Conduction: examples to illustrate good and bad conductors and their uses; water is a bad conductor of heat. Convection; Phenomenon in liquids and gases; some consequences including land breeze and sea breeze. Radiation; detection by blackened bulb thermometer.
Applications: simple common uses; thermal insulation, simple examples of house insulation, personal insulation; insulation of household appliances, laboratories. Vacuum flask. Global warming – melting polar ice caps - polar ice caps reflects solar radiation back whereas sea water absorbs it. Increase in CO2 content in the atmosphere enhances green house effect.

(v) Energy flow and its importance:
Understanding the flow of energy as Linear and linking it with the laws of Thermodynamics- ‘Energy is neither created nor destroyed’ and ‘No Energy transfer is 100% efficient. (Only a general understanding is required ex- energy flow is linear but nutrients flow is cyclic. no numerical testing will be done on this topic).
(vi) Practices for conservation of resources – search for alternatives, promotion of renewable resource.
Advantages and disadvantages of renewable resources when compared to non renewable resources. Study of the functioning of biogas, solar, wind and hydro power.

6. Light
(i) Reflection of light; image formed by a plane mirror regular and irregular reflection; images formed by a pair of parallel and perpendicular plane mirrors; simple periscope.
Regular and irregular reflection; laws of reflection; experimental verification; images of (a) point object and (b) extended object formed in by a plane mirror - using ray diagrams and their characteristics; lateral inversion; characteristics of images formed in

a pair of mirrors, (a) parallel and (b) perpendicular to each other; uses of plane mirrors; simple periscope with ray diagram with two plane mirrors.
(ii) Spherical mirrors; characteristics of image formed by these mirrors. Uses of concave and convex mirror. (Only simple direct ray diagrams are required).
Brief introduction to spherical mirrors - concave and convex mirrors, center and radius of curvature, pole and principal axis, focus and focal length; f = R/2 with proof; simple ray diagram for the formation of images in (a) concave mirror, when a small linear object is placed on the principal axis at very large distance (u>> R), at the center of curvature, between C and F, at F, between F and P. (b) convex mirror a small linear object is placed on the principal axis in front of the mirror.

7. Sound
(i) Nature of Sound waves. Requirement of a medium for sound waves to travel; propagation and speed in different media; comparison with speed of light.

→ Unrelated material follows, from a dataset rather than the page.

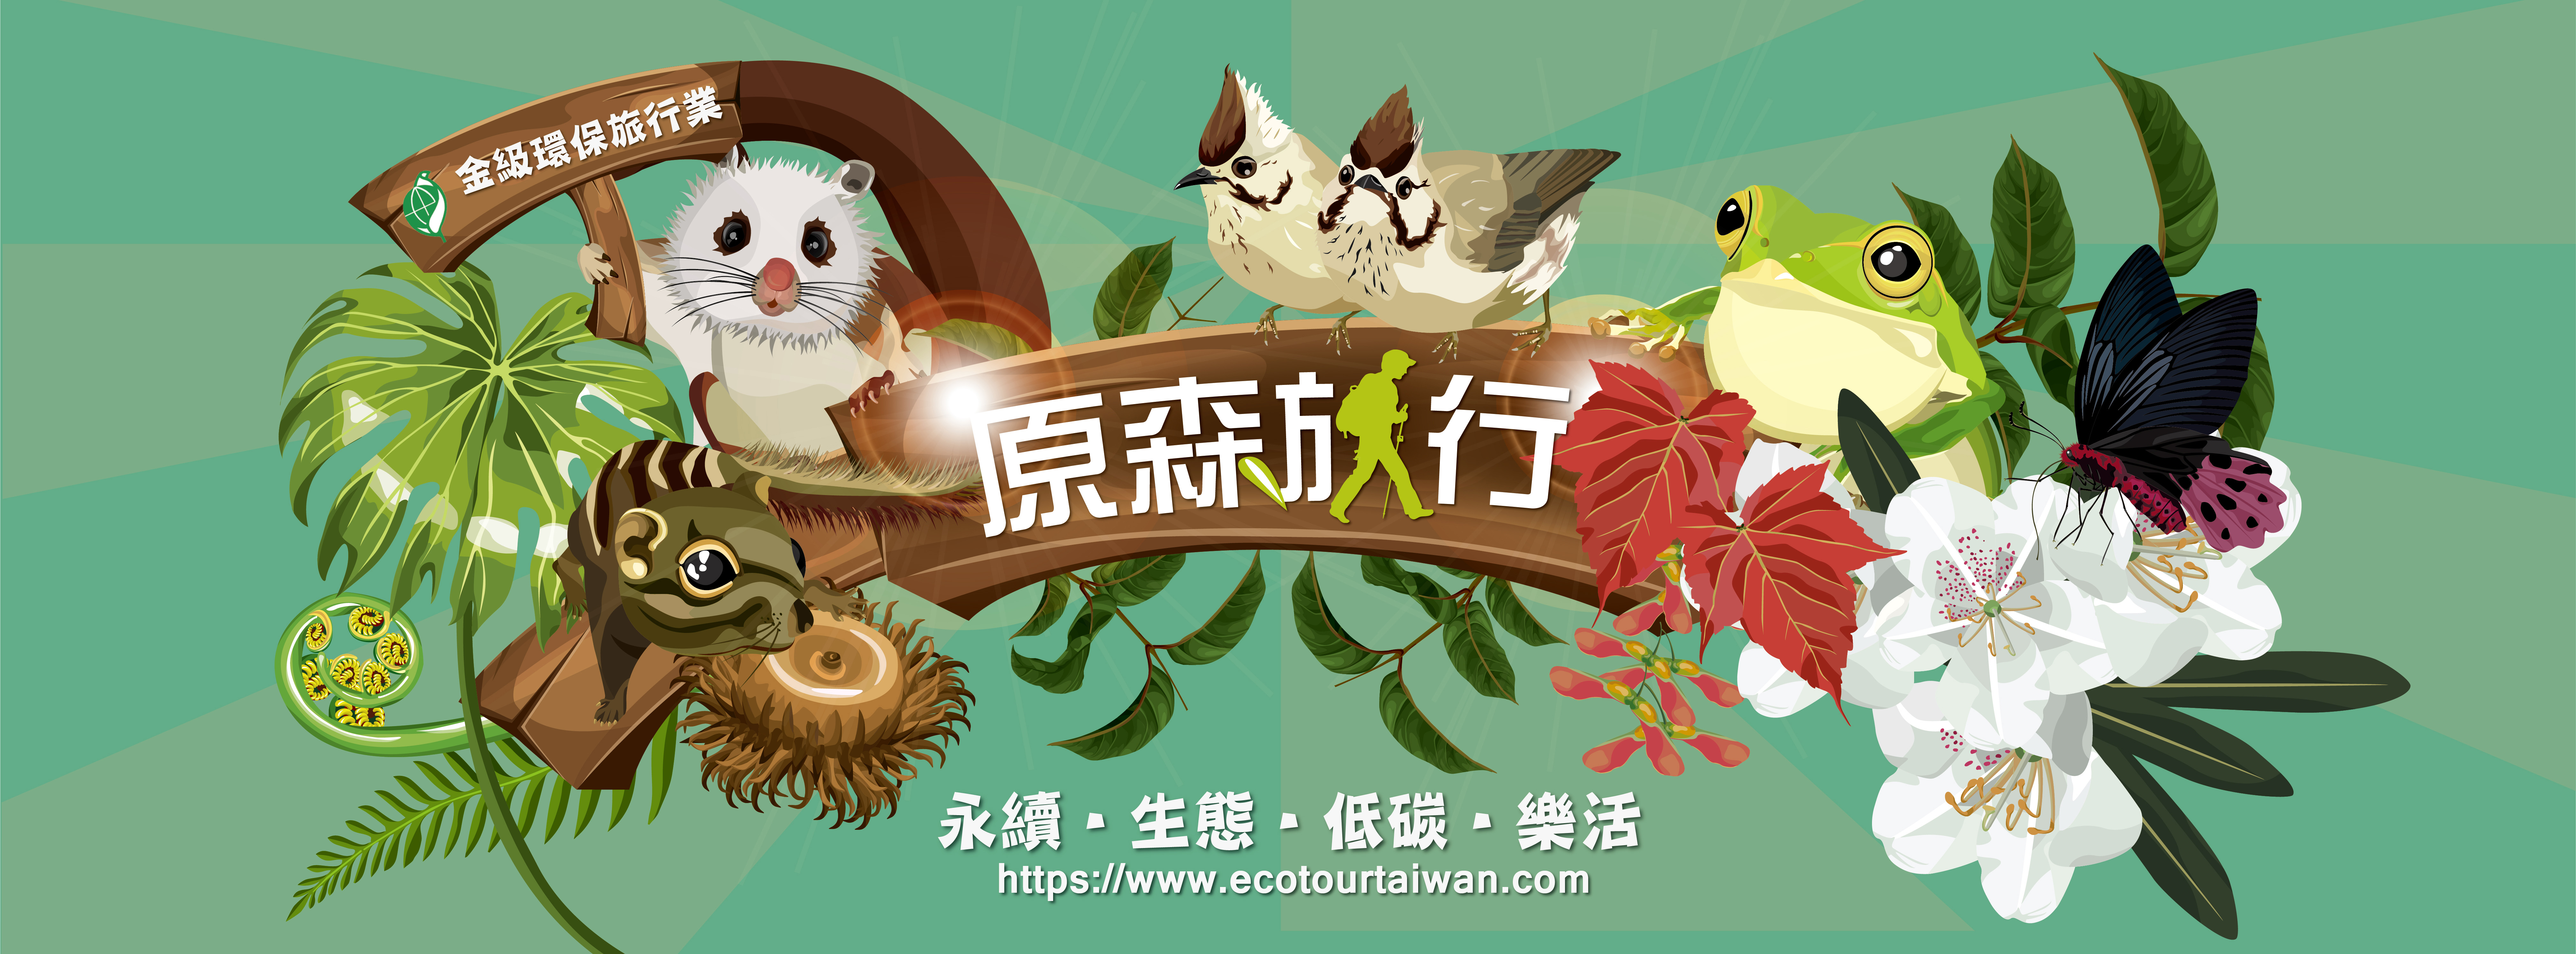 eco tour taiwan

Introduction about sound and its production from vibrations; sound propagation, terms – frequency (v), wavelength (λ), velocity (V), relation V = vλ. and medium [qualitative ideas only]; bell jar experiment. Speed of sound in different media; some values; values of v in air, water and steel as examples including vo at 0oC in air as standard value. [No derivation, no numerical problems]; comparison of speed of sound with speed of light; consequences of the large difference in these speeds in air; thunder and lightning.
(ii) Range of hearing; ultrasound, a few applications.

Elementary ideas and simple applications only. Frequency ranges for (i) hearing and (ii) speaking. Difference between ultrasonic and supersonic.
8. Electricity and Magnetism

(i) Static electricity – electric charge; charging by friction; simple orbital model of the atom; detection of charge (pith ball and electroscope); sparking; lightning conductors.

Historical introduction; charging by friction; examples; different types of charges on comb and glass rod: attraction, repulsion; simple orbital model of atom with examples of H, He and another atom; positive and negative ions; charge on electrons as quantum of electric charge, Q = n.e; explanation of charge on a body in terms of transfer of electron and its detection, lightning; lightning conductor - action; prevention and control of damage due to lightning.
[No numerical problems].

(ii) Simple electric circuit using an electric cell and a bulb to introduce the idea of current (including its relationship to charge); potential difference; insulators and conductors; closed and open circuits; direction of current (electron flow and conventional); resistance in series and parallel.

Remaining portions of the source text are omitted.